The task:
Will you output all of the data below exactly, omitting the images?

#### Source material ####

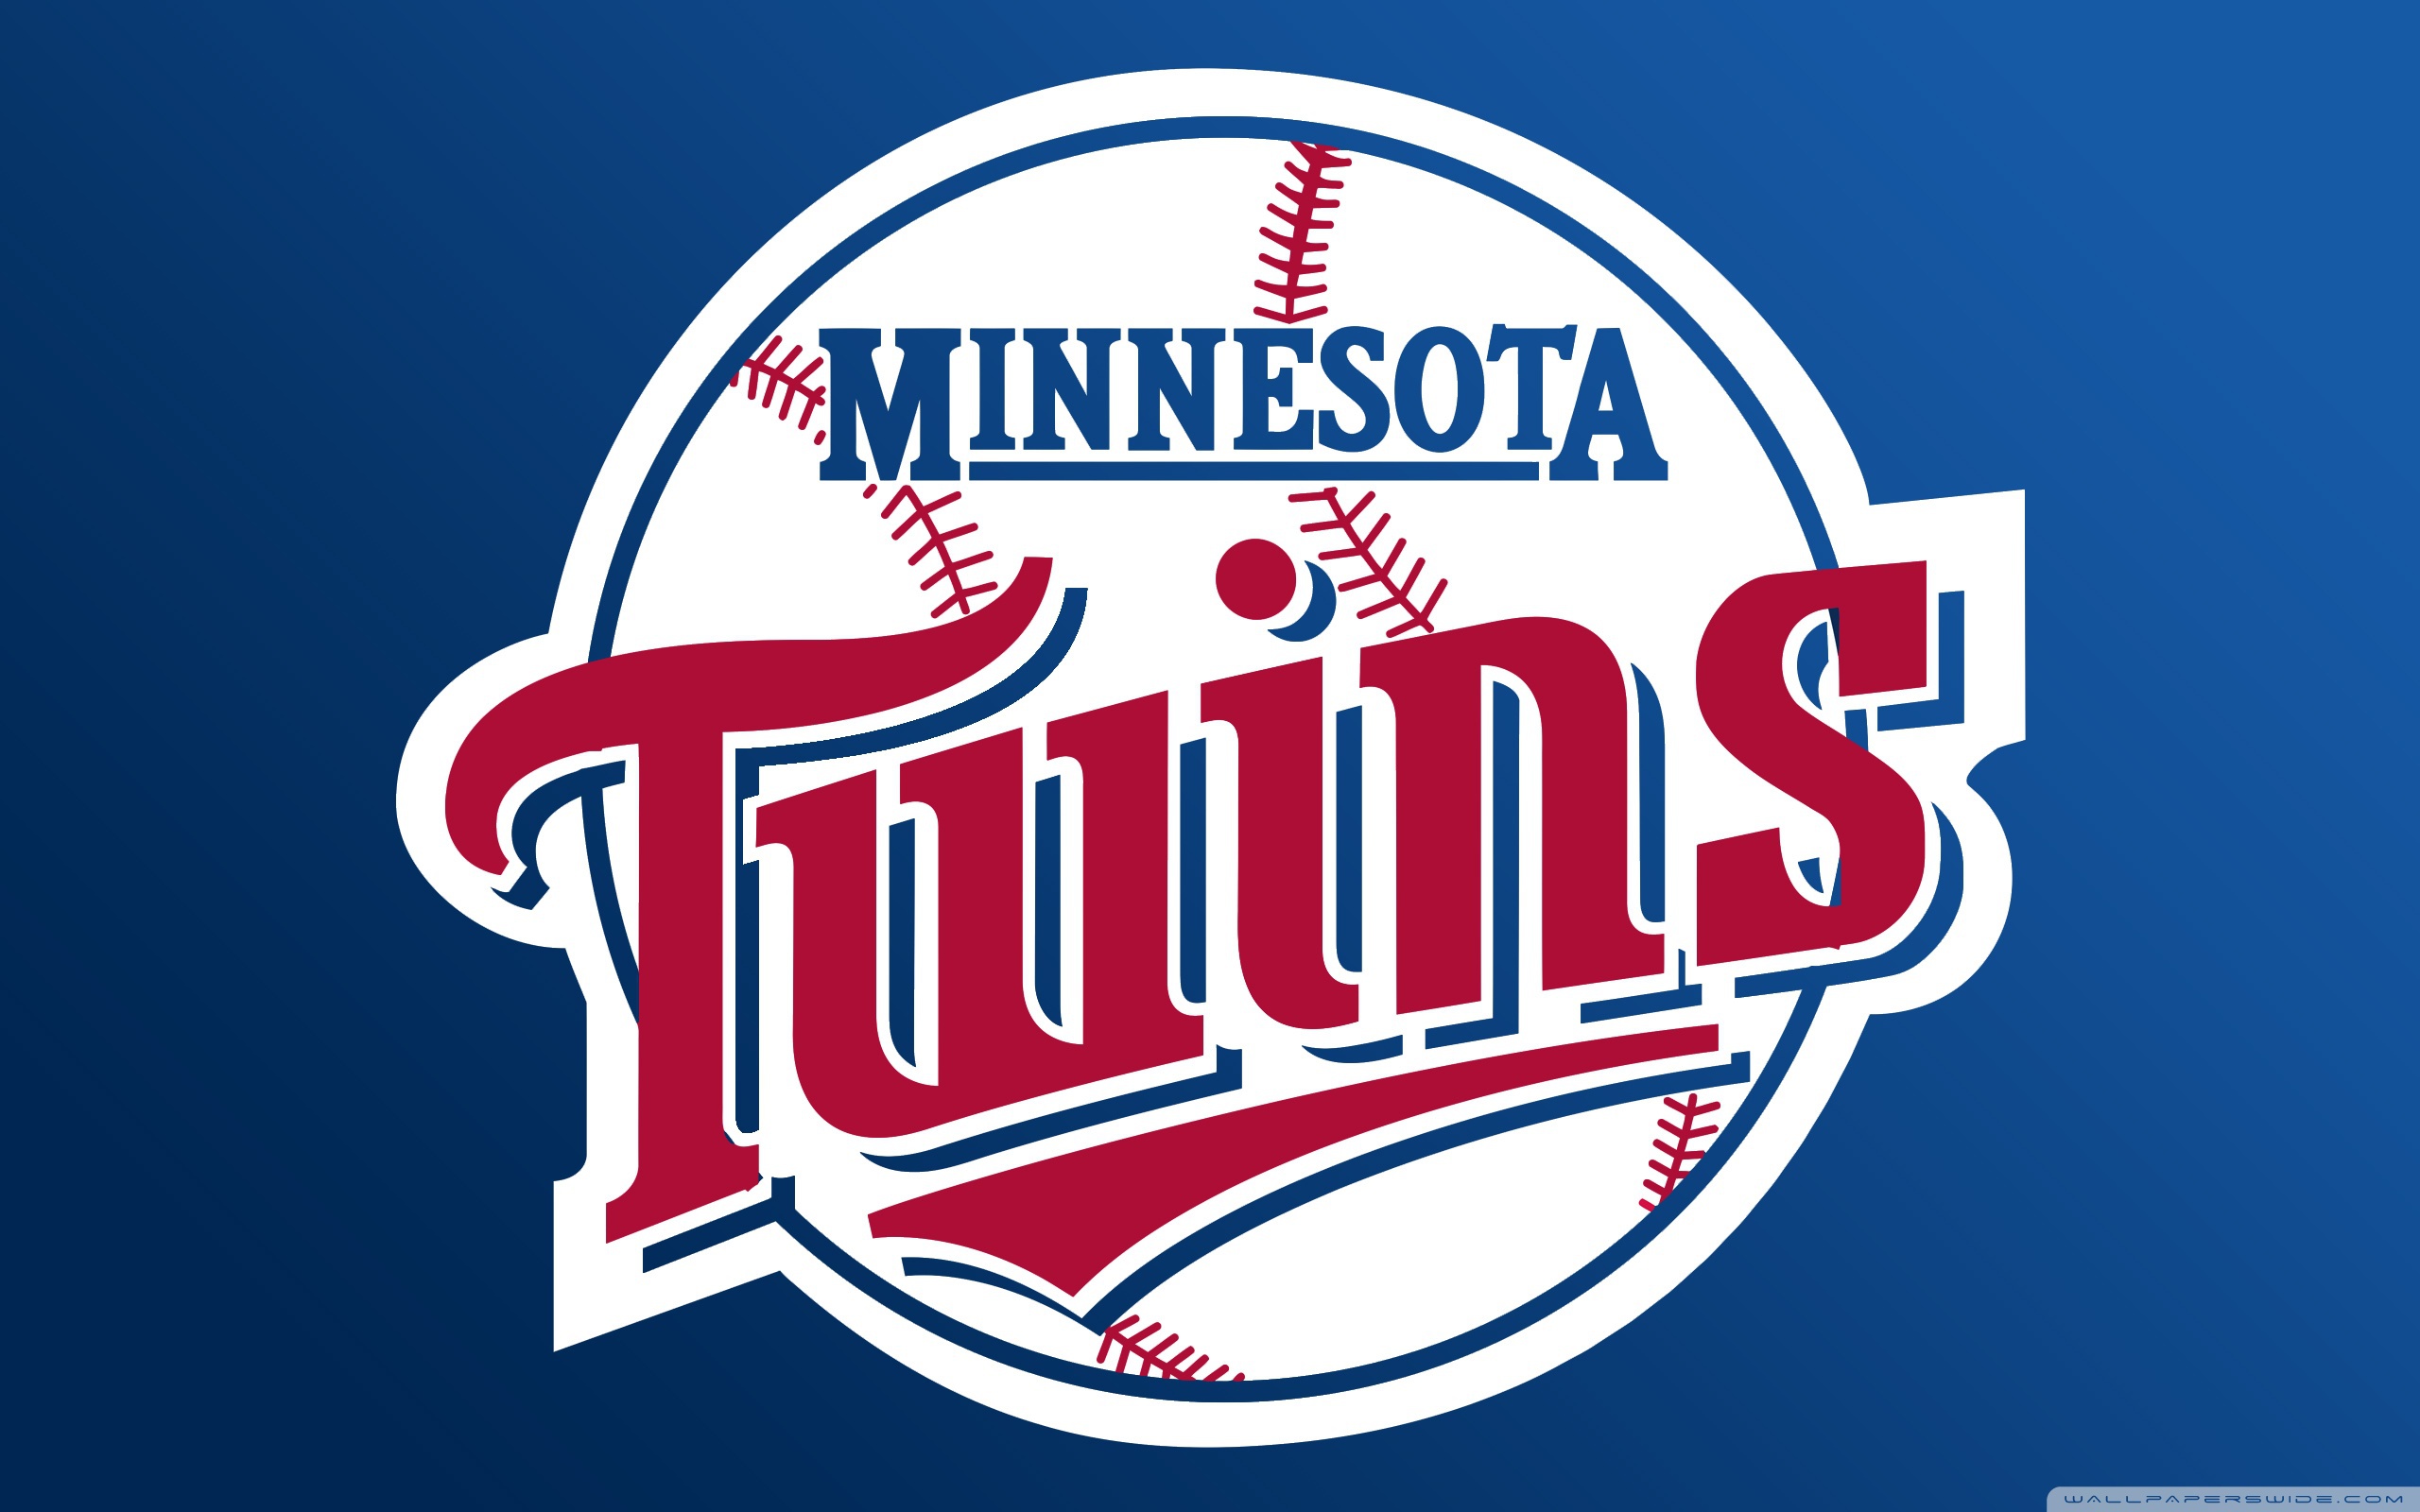 Minnesota Twins logo Club wallpapers and images   wallpapers pictures
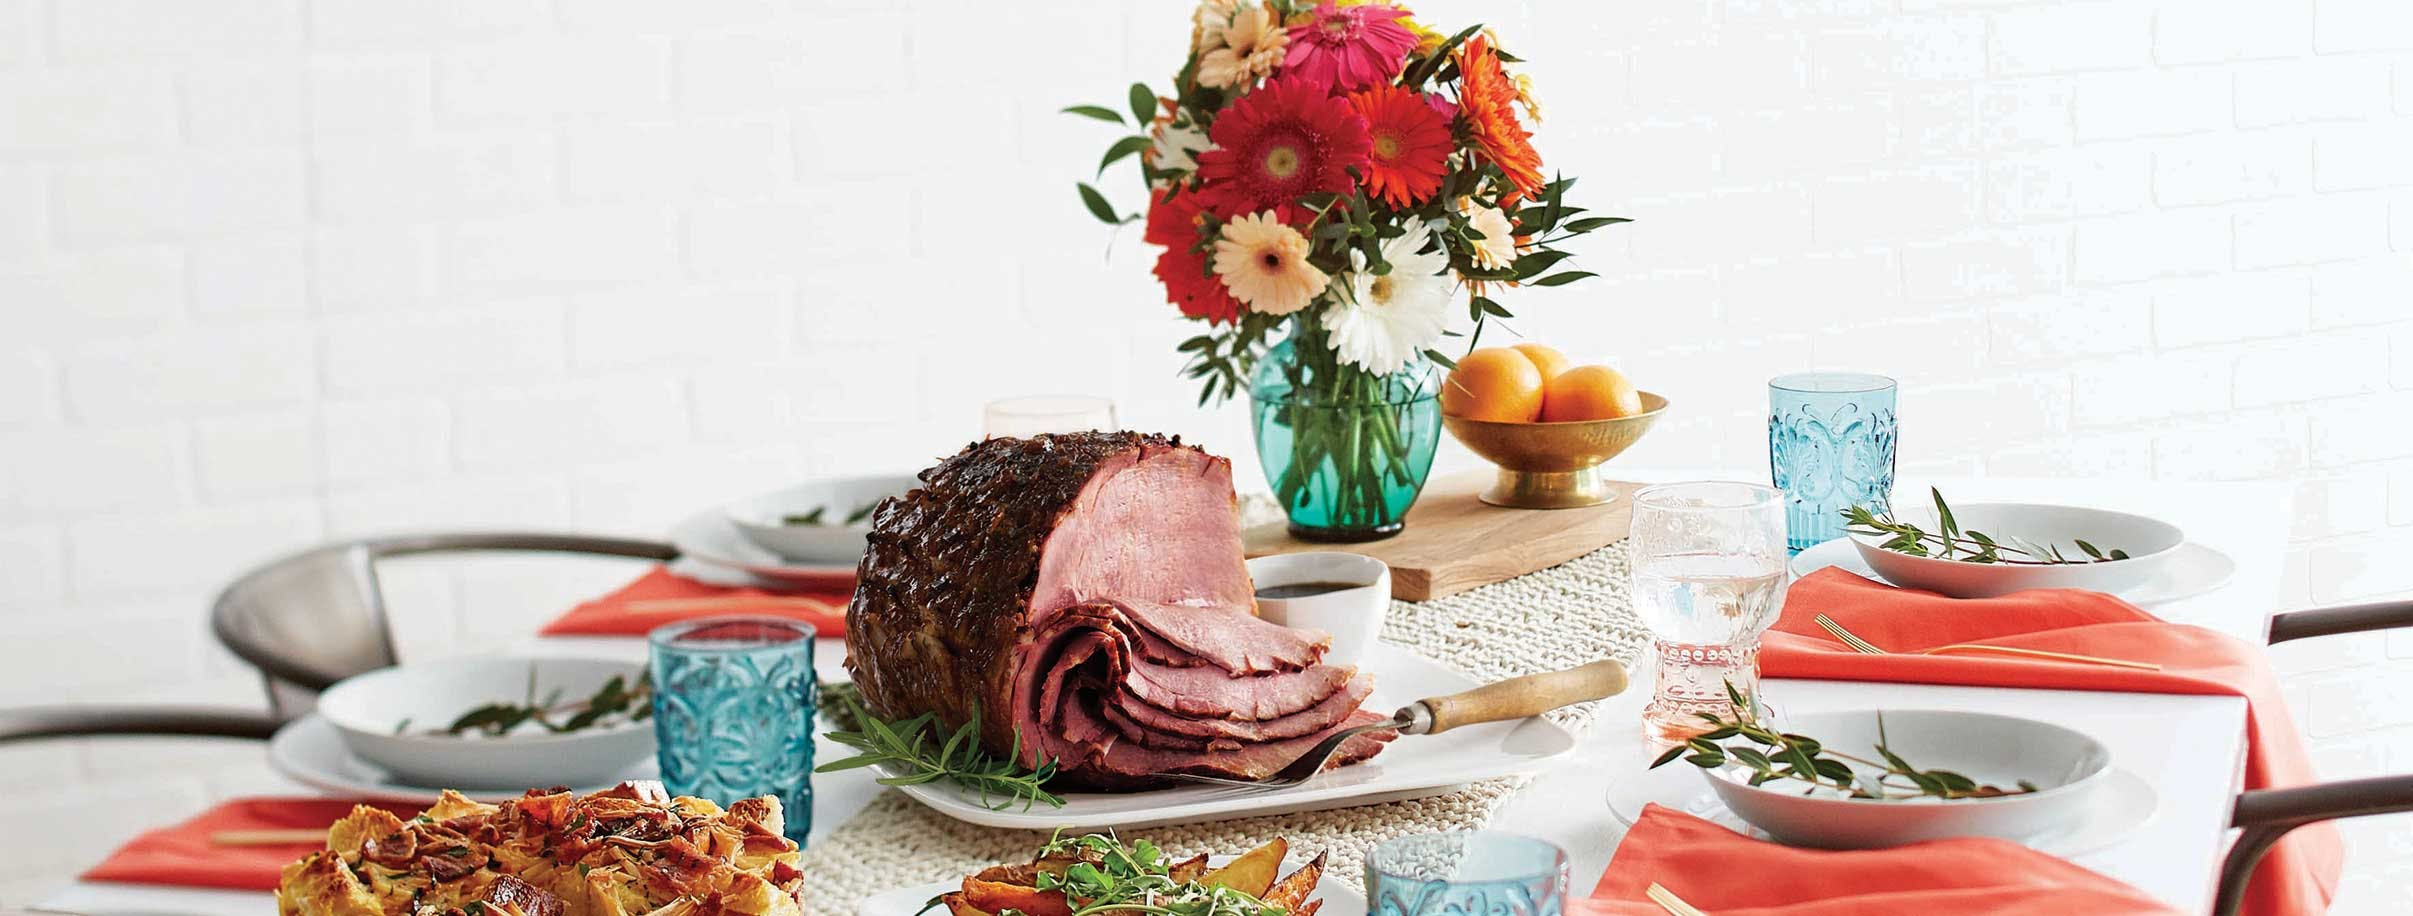 Order Easter Dinner
 Where to Order Easter Dinners for $18 or Less per Person

####

Answer section:
 Minnesota Twins logo Club wallpapers and images   wallpapers pictures
 Order Easter Dinner
 Where to Order Easter Dinners for $18 or Less per Person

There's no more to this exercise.